5.....Check the propeller shaft coupling alignment.  Install and tighten the coupling hardware.

6.....Check the engine compartment and bilge for signs of nesting animals.  Clean as necessary.

7.....Check the entire engine for cracks or leaks caused by freeze damage.

8.....Check all hose clamps for tightness.  Install the bilge drain plug.

9.....Grease the propeller shaft taper and install the propeller.

10.....Perform the daily maintenance.  If not performed during storage, perform the annual maintenance.

11.....If the boat is equipped with the optional fresh-water cooling system and was drained for storage, fill the system with fresh coolant solution.
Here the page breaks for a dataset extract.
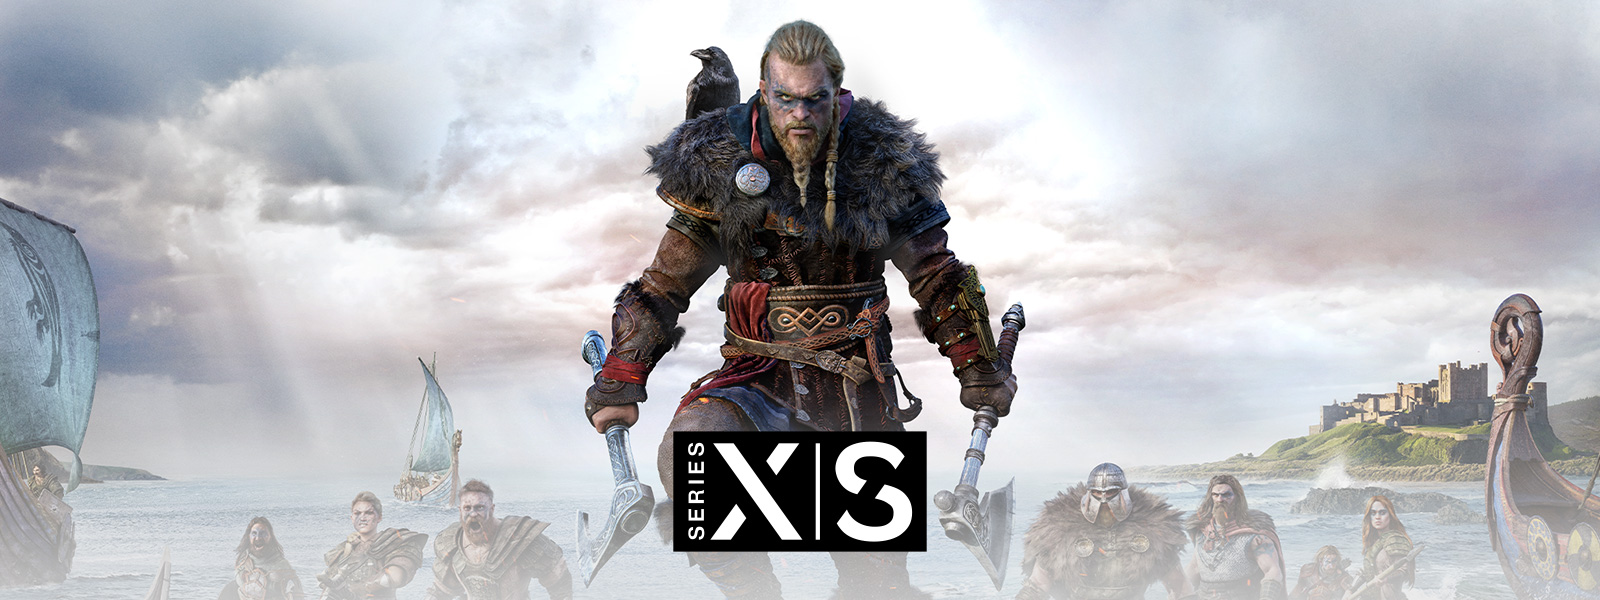 Assassin’s Creed Valhalla, Xbox Series X|S, el legendario vikingo Eivor lidera a su ejército en la batalla.
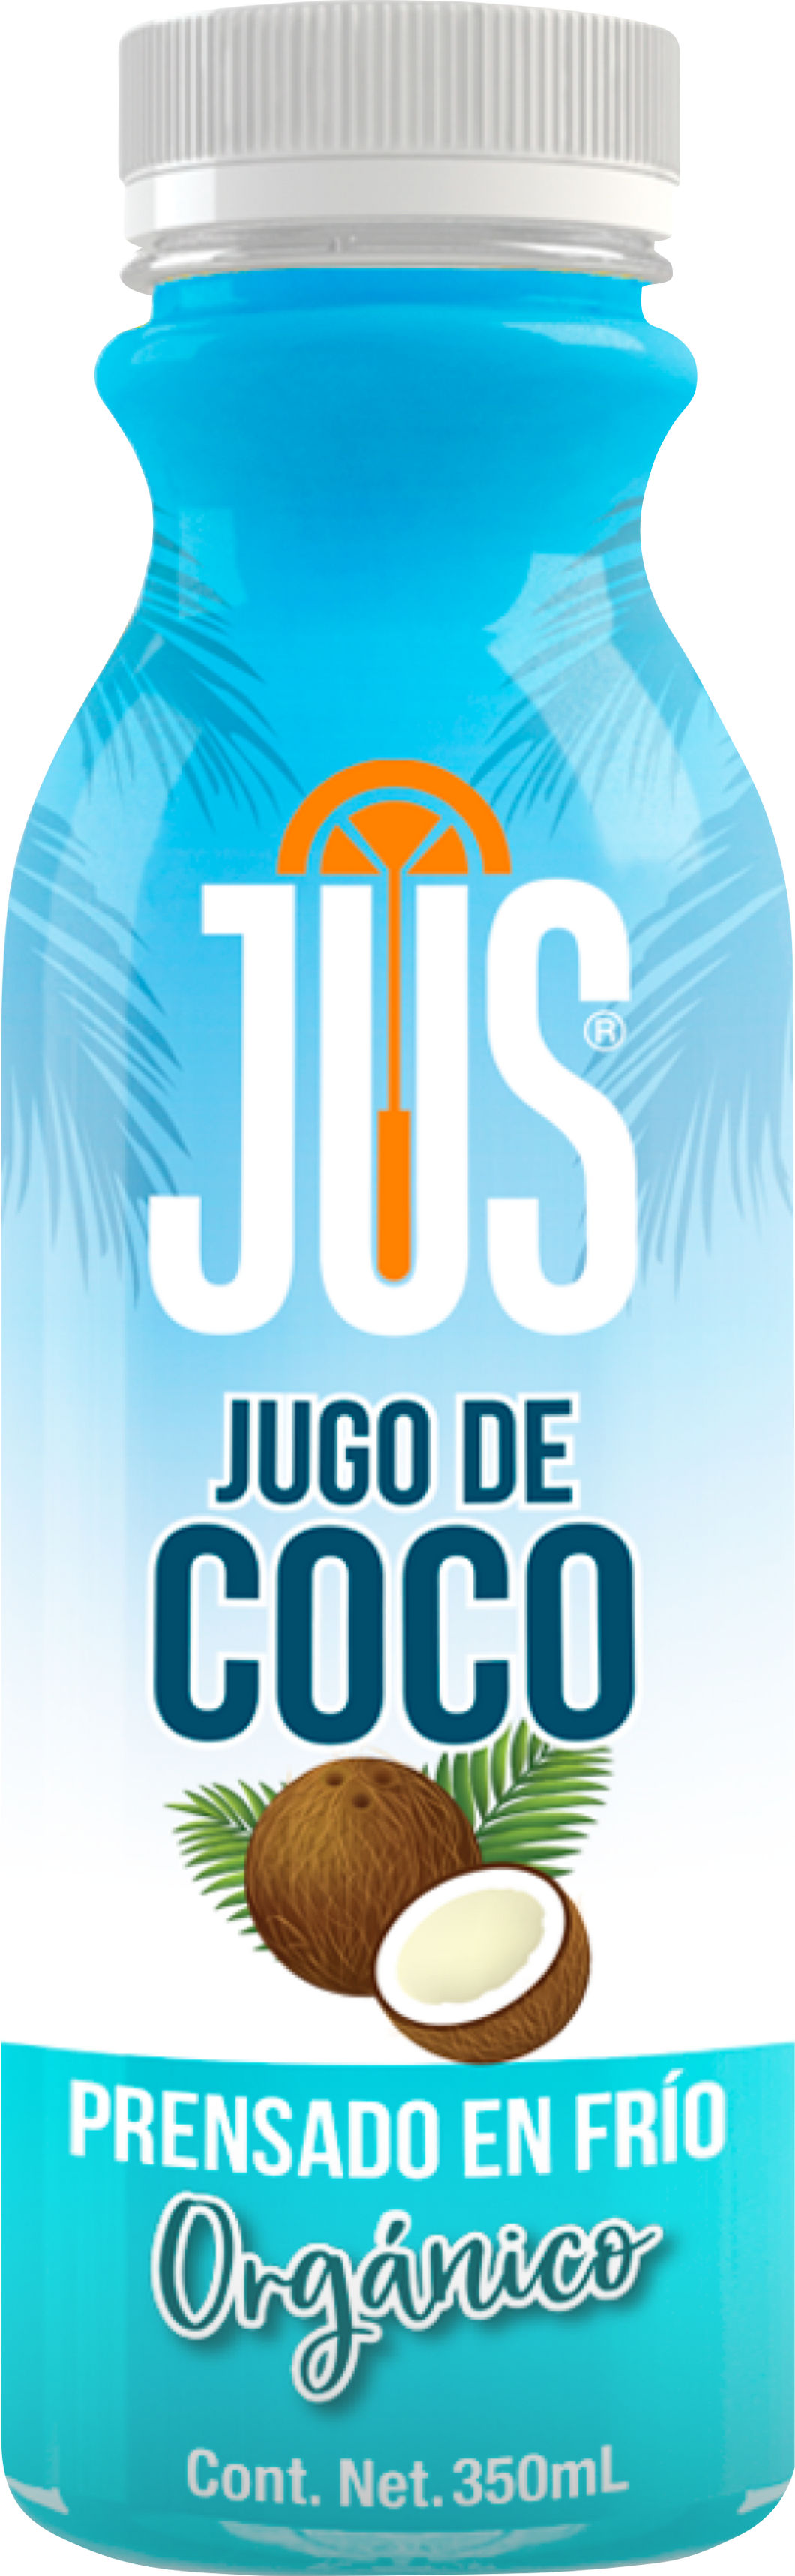 Coco Orgánico - Naturalmente rehidratante y vigorizante.

12.....Turn the fuel line ON-OFF valve to the ON position in models that do not have in-tank fuel pumps.  With the boat in the water, cycle the key ON and then OFF 2-3 times, allowing 10 seconds between key cycles, before cranking the engine.  This allows the fuel pump to prime the fuel lines; then start the engine.  In the event the engine does not respond, allow a two-minute cool-down period for every 30 seconds of cranking.  When the engine fires, keep a close watch over the gauge readings and check for leakage and abnormal noises.  Keep speeds low for the first 15 minutes to allow the engine to reach normal operating temperature.